Joe Perez 12-01-2009 02:34 PM

Bought a new hard drive yesterday.
 
It's for the media server PC where I store all my downloaded movies and TV shows. $150. Pretty standard stuff.

http://img37.imagefra.me/img/img37/1...vm_7f00eb4.jpg

http://img39.imagefra.me/img/img39/1...wm_d5ec02b.gif

Seems like it was only fifteen or twenty years ago that we were using the prefix "giga" in a humorous context, as though a gigabyte were some unthinkably massive quantity of data. At the time, I had six hard drives in my PC (a combination of SCSI and IDE), two of which were full-height 5.25", to give me something like 500 megs of total storage. Or put another way, 0.0005 TB. It was tits. I had more .MOD files than most BBSs.

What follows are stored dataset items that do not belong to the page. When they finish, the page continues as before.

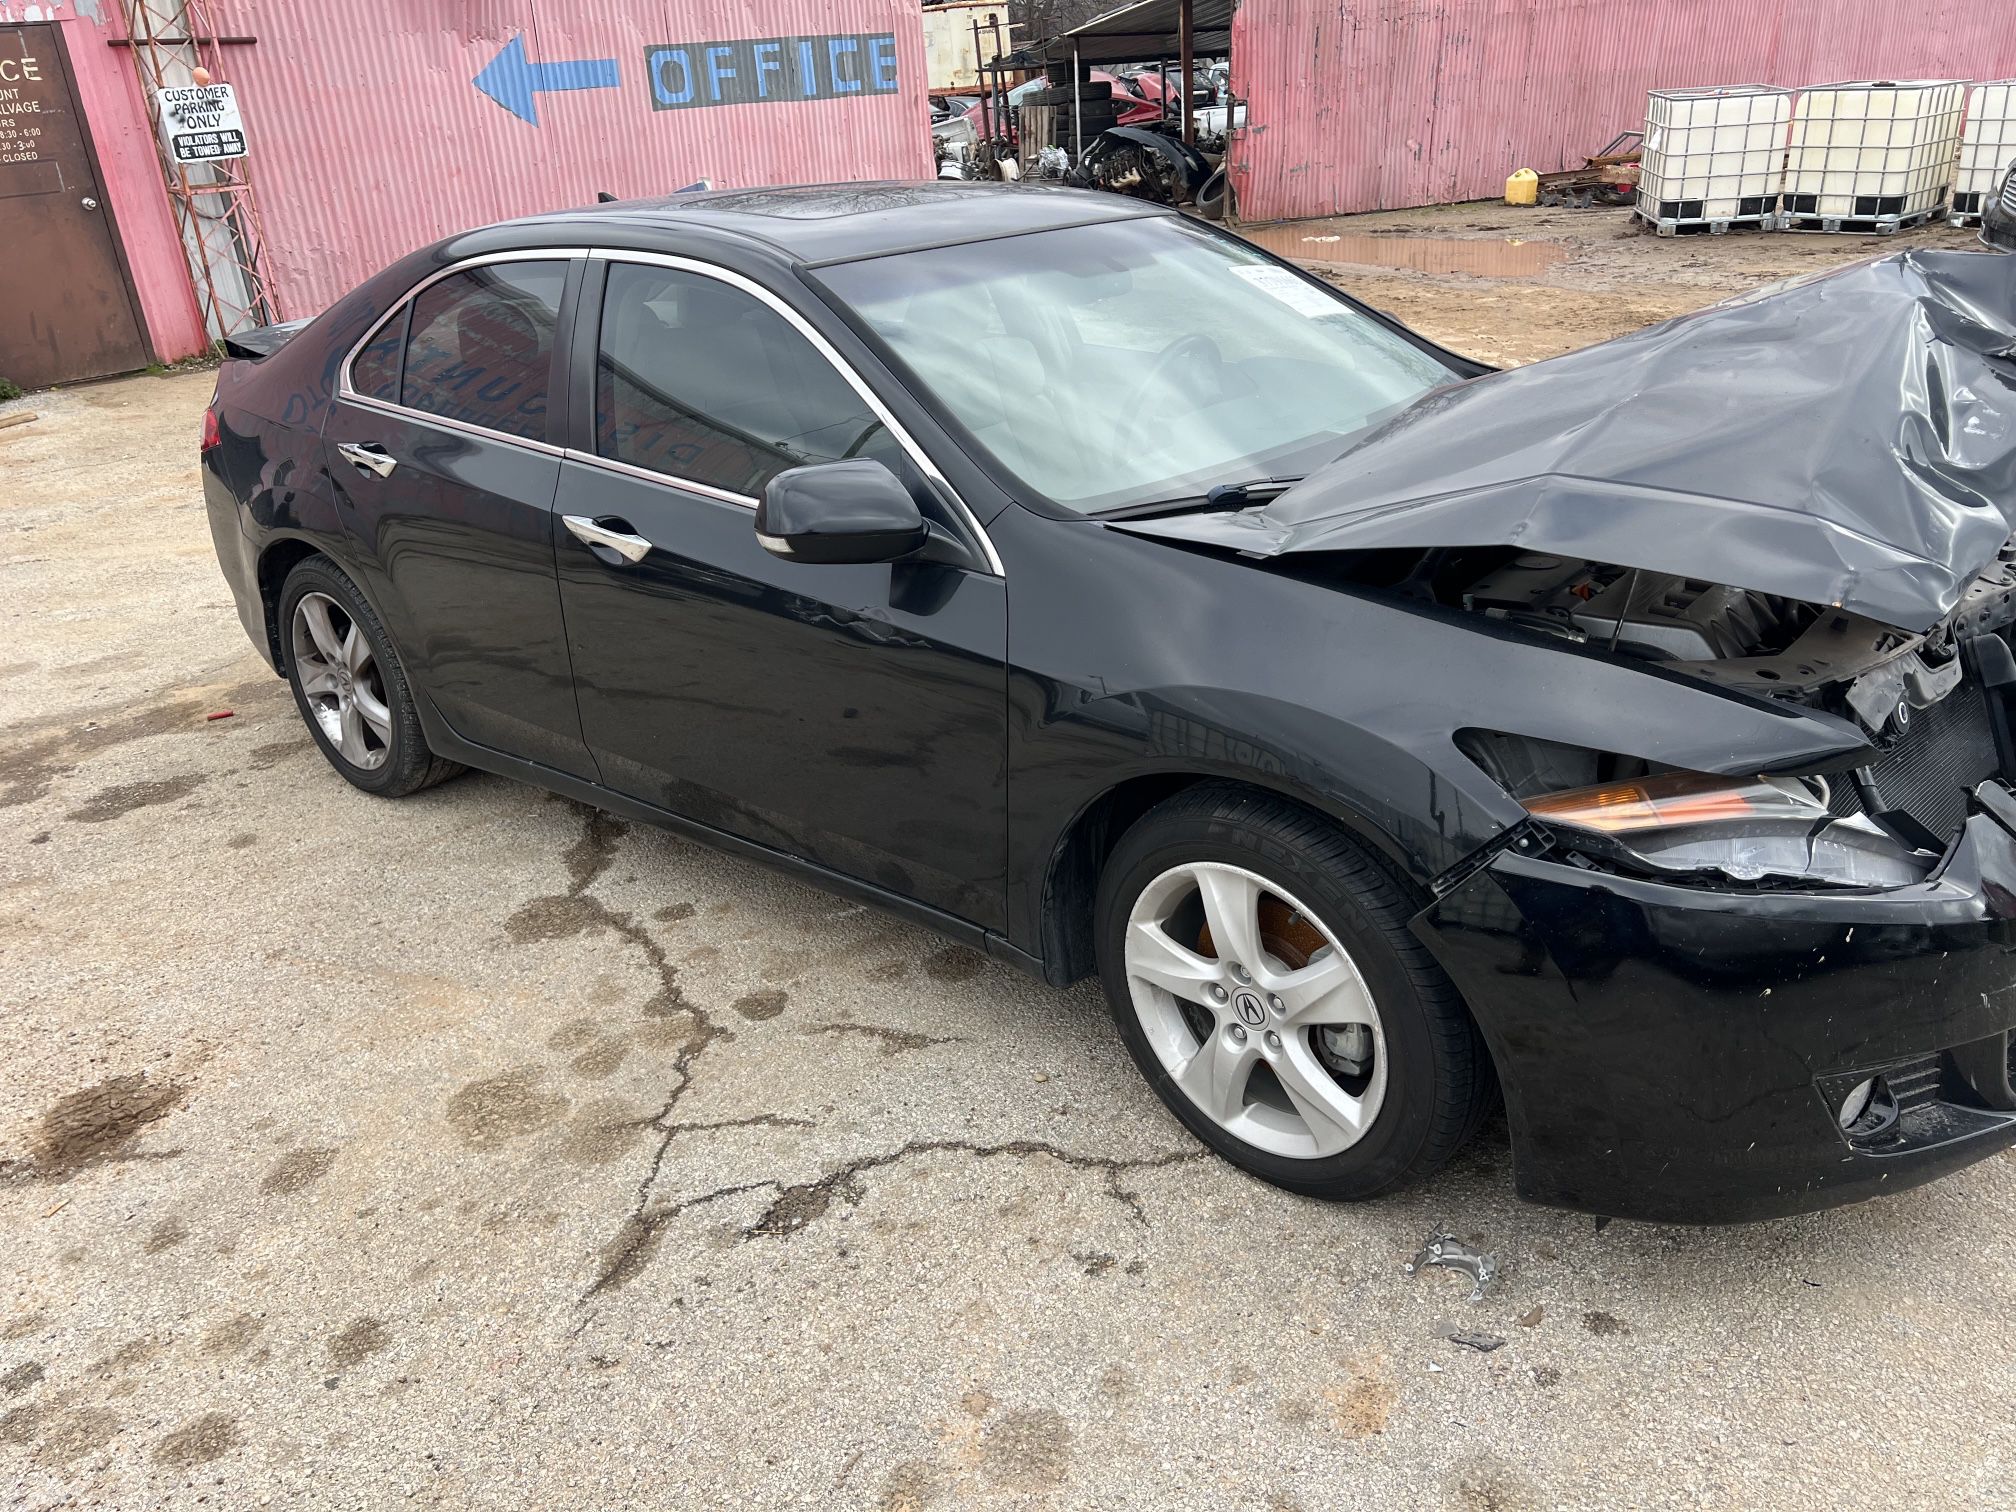 2010 Acura TSX - Parts Only #AB6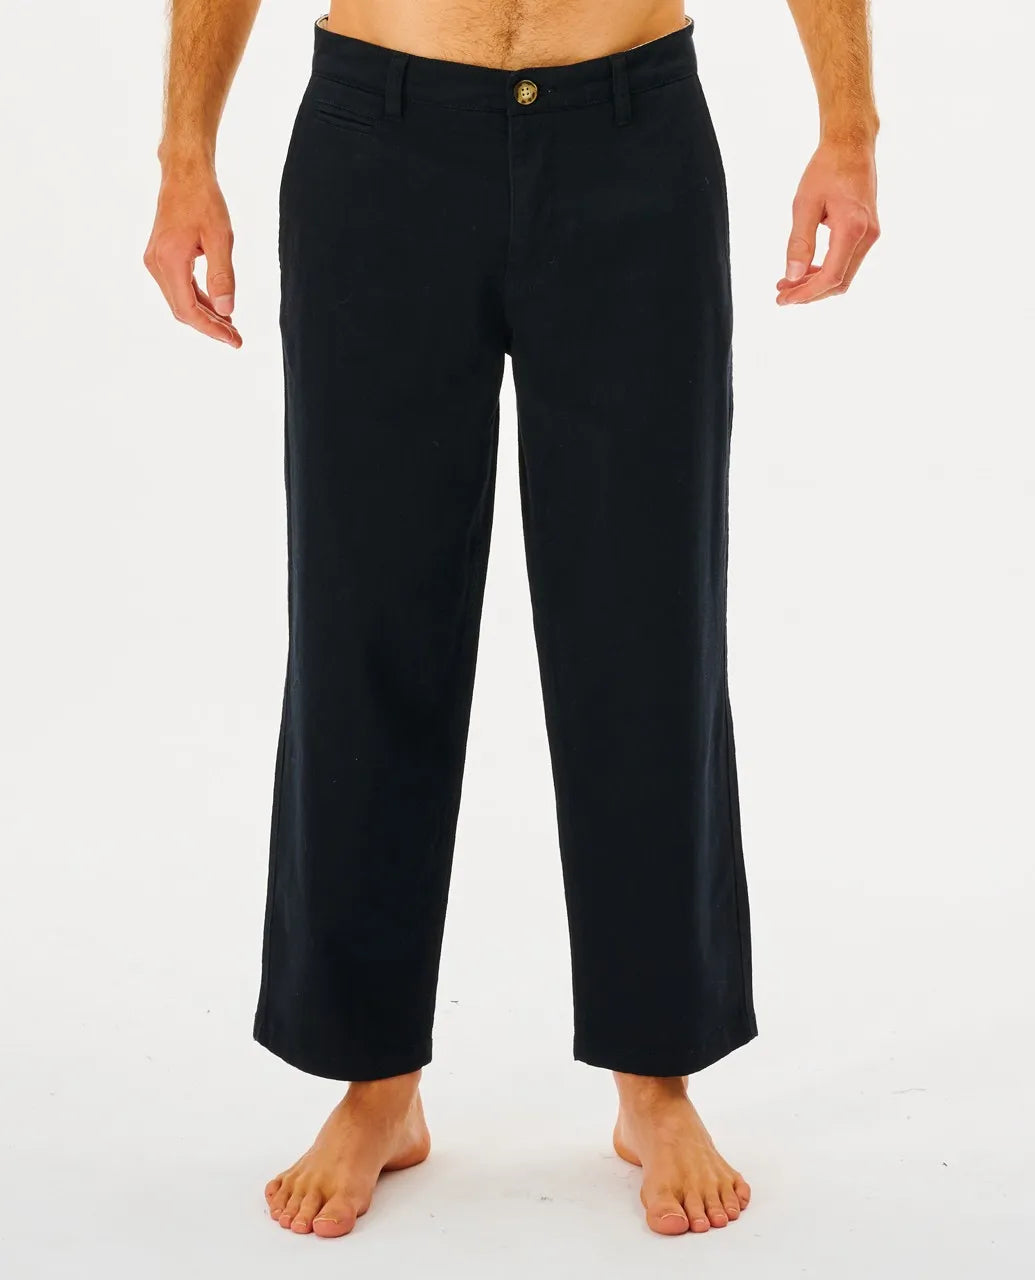 Quality Surf Products Pant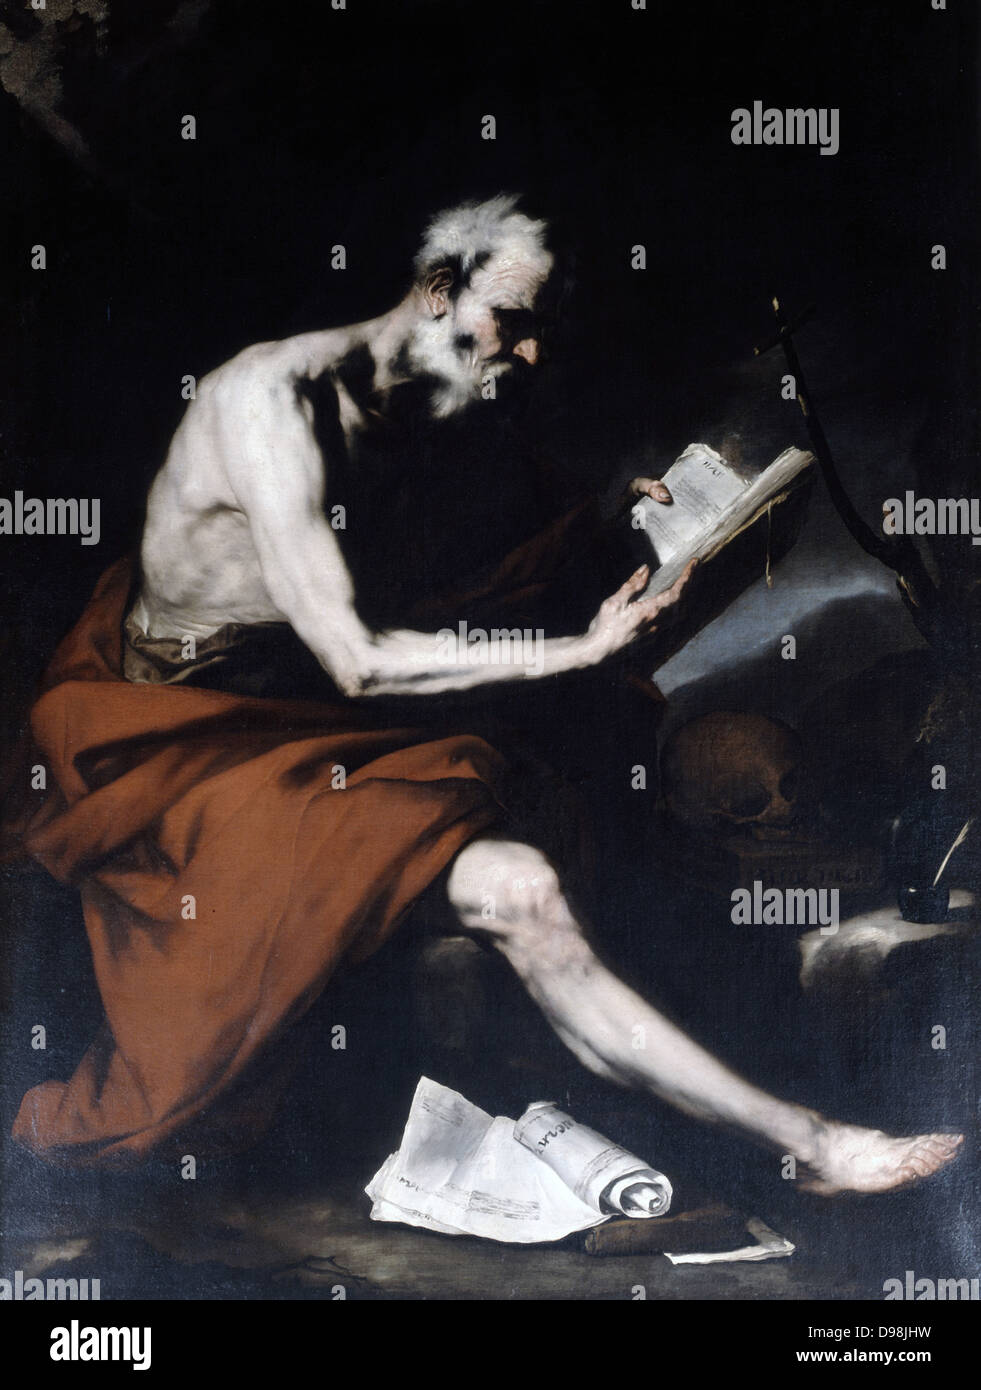 St Jerome Reading', oil on canvas by a follower of Jusepe de Ribera (1591-1652) Spanish Tenebrist painter. St Jerome (c340-420) a father of Western Christian Church and compiler of the Vulgate. Human skull, a memento mori, rests on pile of books. Stock Photo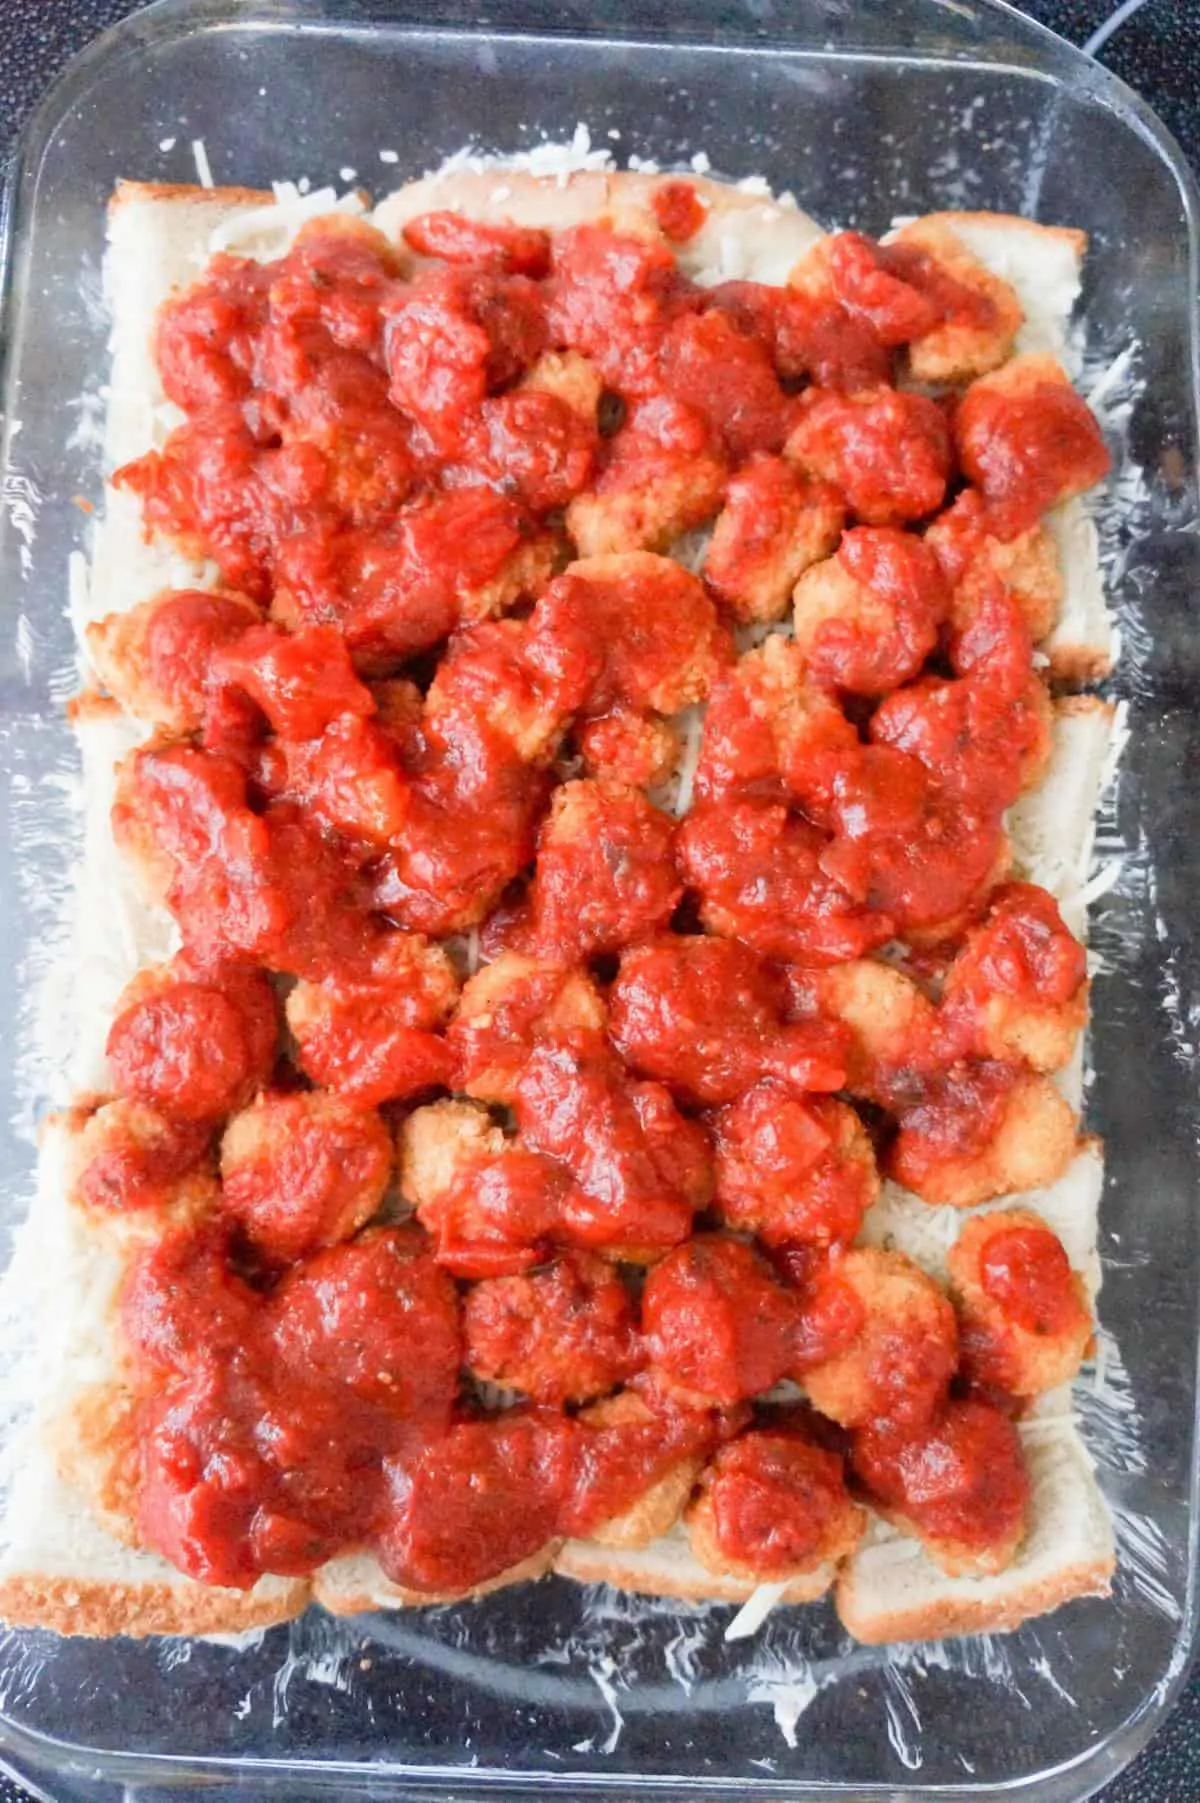 marinara sauce on top of popcorn chicken and bread in a baking dish

(Of course, back then a megabyte was 1024 KB. We're at a point now where a few billion bytes is just a rounding error. But who's counting?)

Any wagers on when the first 1 PB hard drive will show up?

Full_Tilt_Boogie 12-01-2009 02:37 PM

damn 150 bucks for 2 terabytes!
its amazing how much prices are coming down, and capability is coming up.

hustler 12-01-2009 02:41 PM

want level: extreme.

RotorNutFD3S 12-01-2009 03:04 PM

Where did you buy? That's a great price!

sbrian2 12-01-2009 03:05 PM

I just got one of these in a 2TB version: Buffalo Technology - Products - LinkStation Pro Duo™

I plugged it into my router and can access it from all my computers or any pc with an internet connection. I have it set up in RAID1 configuration so I really only have 1TB of storage, but should one of the HDs go out I have a mirrored backup at all times. I can also network any printer to it or add more space using the 2 USB ports on the back.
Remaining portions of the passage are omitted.